Stored entries:
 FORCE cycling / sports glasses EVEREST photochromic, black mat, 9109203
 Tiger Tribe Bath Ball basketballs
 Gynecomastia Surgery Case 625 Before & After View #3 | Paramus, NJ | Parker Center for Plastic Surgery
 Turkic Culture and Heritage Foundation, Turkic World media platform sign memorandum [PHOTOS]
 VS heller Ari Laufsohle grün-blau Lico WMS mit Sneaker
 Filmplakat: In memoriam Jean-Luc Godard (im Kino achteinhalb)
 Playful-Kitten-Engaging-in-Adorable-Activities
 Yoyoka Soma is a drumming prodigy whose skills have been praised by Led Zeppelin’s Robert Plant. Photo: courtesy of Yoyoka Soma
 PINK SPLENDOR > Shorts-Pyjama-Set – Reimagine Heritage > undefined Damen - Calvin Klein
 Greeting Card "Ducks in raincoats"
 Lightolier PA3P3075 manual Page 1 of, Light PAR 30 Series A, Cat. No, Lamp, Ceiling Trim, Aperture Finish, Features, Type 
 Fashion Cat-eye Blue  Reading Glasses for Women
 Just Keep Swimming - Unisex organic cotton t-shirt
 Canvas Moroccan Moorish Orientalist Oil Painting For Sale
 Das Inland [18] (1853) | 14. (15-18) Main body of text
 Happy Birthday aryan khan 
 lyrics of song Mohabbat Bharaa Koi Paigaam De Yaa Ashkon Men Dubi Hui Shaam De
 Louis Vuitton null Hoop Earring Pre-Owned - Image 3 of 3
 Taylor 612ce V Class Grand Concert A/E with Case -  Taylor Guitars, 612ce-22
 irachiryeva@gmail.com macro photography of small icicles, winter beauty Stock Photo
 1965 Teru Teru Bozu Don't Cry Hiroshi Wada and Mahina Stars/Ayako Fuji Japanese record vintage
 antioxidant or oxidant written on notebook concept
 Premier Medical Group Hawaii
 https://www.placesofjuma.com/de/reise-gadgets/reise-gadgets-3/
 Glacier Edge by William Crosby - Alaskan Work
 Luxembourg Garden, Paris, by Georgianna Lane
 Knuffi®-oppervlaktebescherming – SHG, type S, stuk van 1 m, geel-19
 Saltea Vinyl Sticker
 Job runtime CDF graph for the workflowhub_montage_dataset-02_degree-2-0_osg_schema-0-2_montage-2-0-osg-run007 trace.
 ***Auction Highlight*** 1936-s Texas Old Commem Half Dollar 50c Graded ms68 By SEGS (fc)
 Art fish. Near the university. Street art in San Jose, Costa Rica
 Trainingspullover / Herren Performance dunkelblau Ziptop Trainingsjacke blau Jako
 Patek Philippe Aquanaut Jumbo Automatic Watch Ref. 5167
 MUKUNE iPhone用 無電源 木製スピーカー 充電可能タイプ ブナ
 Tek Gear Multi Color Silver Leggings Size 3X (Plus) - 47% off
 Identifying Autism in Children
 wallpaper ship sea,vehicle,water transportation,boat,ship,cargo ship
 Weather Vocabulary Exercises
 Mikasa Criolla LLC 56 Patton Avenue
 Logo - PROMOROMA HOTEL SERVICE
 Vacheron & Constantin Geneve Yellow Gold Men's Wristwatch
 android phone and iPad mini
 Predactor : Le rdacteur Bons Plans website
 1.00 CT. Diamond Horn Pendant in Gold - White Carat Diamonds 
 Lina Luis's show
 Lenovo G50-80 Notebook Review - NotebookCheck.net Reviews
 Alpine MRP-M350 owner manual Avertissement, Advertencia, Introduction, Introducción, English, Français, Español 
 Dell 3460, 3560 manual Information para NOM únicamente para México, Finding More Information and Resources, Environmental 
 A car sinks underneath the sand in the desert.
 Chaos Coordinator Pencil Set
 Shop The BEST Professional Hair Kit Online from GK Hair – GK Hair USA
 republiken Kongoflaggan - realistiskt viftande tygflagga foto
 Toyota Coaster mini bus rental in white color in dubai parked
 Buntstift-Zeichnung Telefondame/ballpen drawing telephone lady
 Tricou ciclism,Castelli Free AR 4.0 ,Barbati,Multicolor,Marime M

• YOUR TASK:
Can you restate every record above word for word?

• SOLVED PROBLEM:
 FORCE cycling / sports glasses EVEREST photochromic, black mat, 9109203
 Tiger Tribe Bath Ball basketballs
 Gynecomastia Surgery Case 625 Before & After View #3 | Paramus, NJ | Parker Center for Plastic Surgery
 Turkic Culture and Heritage Foundation, Turkic World media platform sign memorandum [PHOTOS]
 VS heller Ari Laufsohle grün-blau Lico WMS mit Sneaker
 Filmplakat: In memoriam Jean-Luc Godard (im Kino achteinhalb)
 Playful-Kitten-Engaging-in-Adorable-Activities
 Yoyoka Soma is a drumming prodigy whose skills have been praised by Led Zeppelin’s Robert Plant. Photo: courtesy of Yoyoka Soma
 PINK SPLENDOR > Shorts-Pyjama-Set – Reimagine Heritage > undefined Damen - Calvin Klein
 Greeting Card "Ducks in raincoats"
 Lightolier PA3P3075 manual Page 1 of, Light PAR 30 Series A, Cat. No, Lamp, Ceiling Trim, Aperture Finish, Features, Type 
 Fashion Cat-eye Blue  Reading Glasses for Women
 Just Keep Swimming - Unisex organic cotton t-shirt
 Canvas Moroccan Moorish Orientalist Oil Painting For Sale
 Das Inland [18] (1853) | 14. (15-18) Main body of text
 Happy Birthday aryan khan 
 lyrics of song Mohabbat Bharaa Koi Paigaam De Yaa Ashkon Men Dubi Hui Shaam De
 Louis Vuitton null Hoop Earring Pre-Owned - Image 3 of 3
 Taylor 612ce V Class Grand Concert A/E with Case -  Taylor Guitars, 612ce-22
 irachiryeva@gmail.com macro photography of small icicles, winter beauty Stock Photo
 1965 Teru Teru Bozu Don't Cry Hiroshi Wada and Mahina Stars/Ayako Fuji Japanese record vintage
 antioxidant or oxidant written on notebook concept
 Premier Medical Group Hawaii
 https://www.placesofjuma.com/de/reise-gadgets/reise-gadgets-3/
 Glacier Edge by William Crosby - Alaskan Work
 Luxembourg Garden, Paris, by Georgianna Lane
 Knuffi®-oppervlaktebescherming – SHG, type S, stuk van 1 m, geel-19
 Saltea Vinyl Sticker
 Job runtime CDF graph for the workflowhub_montage_dataset-02_degree-2-0_osg_schema-0-2_montage-2-0-osg-run007 trace.
 ***Auction Highlight*** 1936-s Texas Old Commem Half Dollar 50c Graded ms68 By SEGS (fc)
 Art fish. Near the university. Street art in San Jose, Costa Rica
 Trainingspullover / Herren Performance dunkelblau Ziptop Trainingsjacke blau Jako
 Patek Philippe Aquanaut Jumbo Automatic Watch Ref. 5167
 MUKUNE iPhone用 無電源 木製スピーカー 充電可能タイプ ブナ
 Tek Gear Multi Color Silver Leggings Size 3X (Plus) - 47% off
 Identifying Autism in Children
 wallpaper ship sea,vehicle,water transportation,boat,ship,cargo ship
 Weather Vocabulary Exercises
 Mikasa Criolla LLC 56 Patton Avenue
 Logo - PROMOROMA HOTEL SERVICE
 Vacheron & Constantin Geneve Yellow Gold Men's Wristwatch
 android phone and iPad mini
 Predactor : Le rdacteur Bons Plans website
 1.00 CT. Diamond Horn Pendant in Gold - White Carat Diamonds 
 Lina Luis's show
 Lenovo G50-80 Notebook Review - NotebookCheck.net Reviews
 Alpine MRP-M350 owner manual Avertissement, Advertencia, Introduction, Introducción, English, Français, Español 
 Dell 3460, 3560 manual Information para NOM únicamente para México, Finding More Information and Resources, Environmental 
 A car sinks underneath the sand in the desert.
 Chaos Coordinator Pencil Set
 Shop The BEST Professional Hair Kit Online from GK Hair – GK Hair USA
 republiken Kongoflaggan - realistiskt viftande tygflagga foto
 Toyota Coaster mini bus rental in white color in dubai parked
 Buntstift-Zeichnung Telefondame/ballpen drawing telephone lady
 Tricou ciclism,Castelli Free AR 4.0 ,Barbati,Multicolor,Marime M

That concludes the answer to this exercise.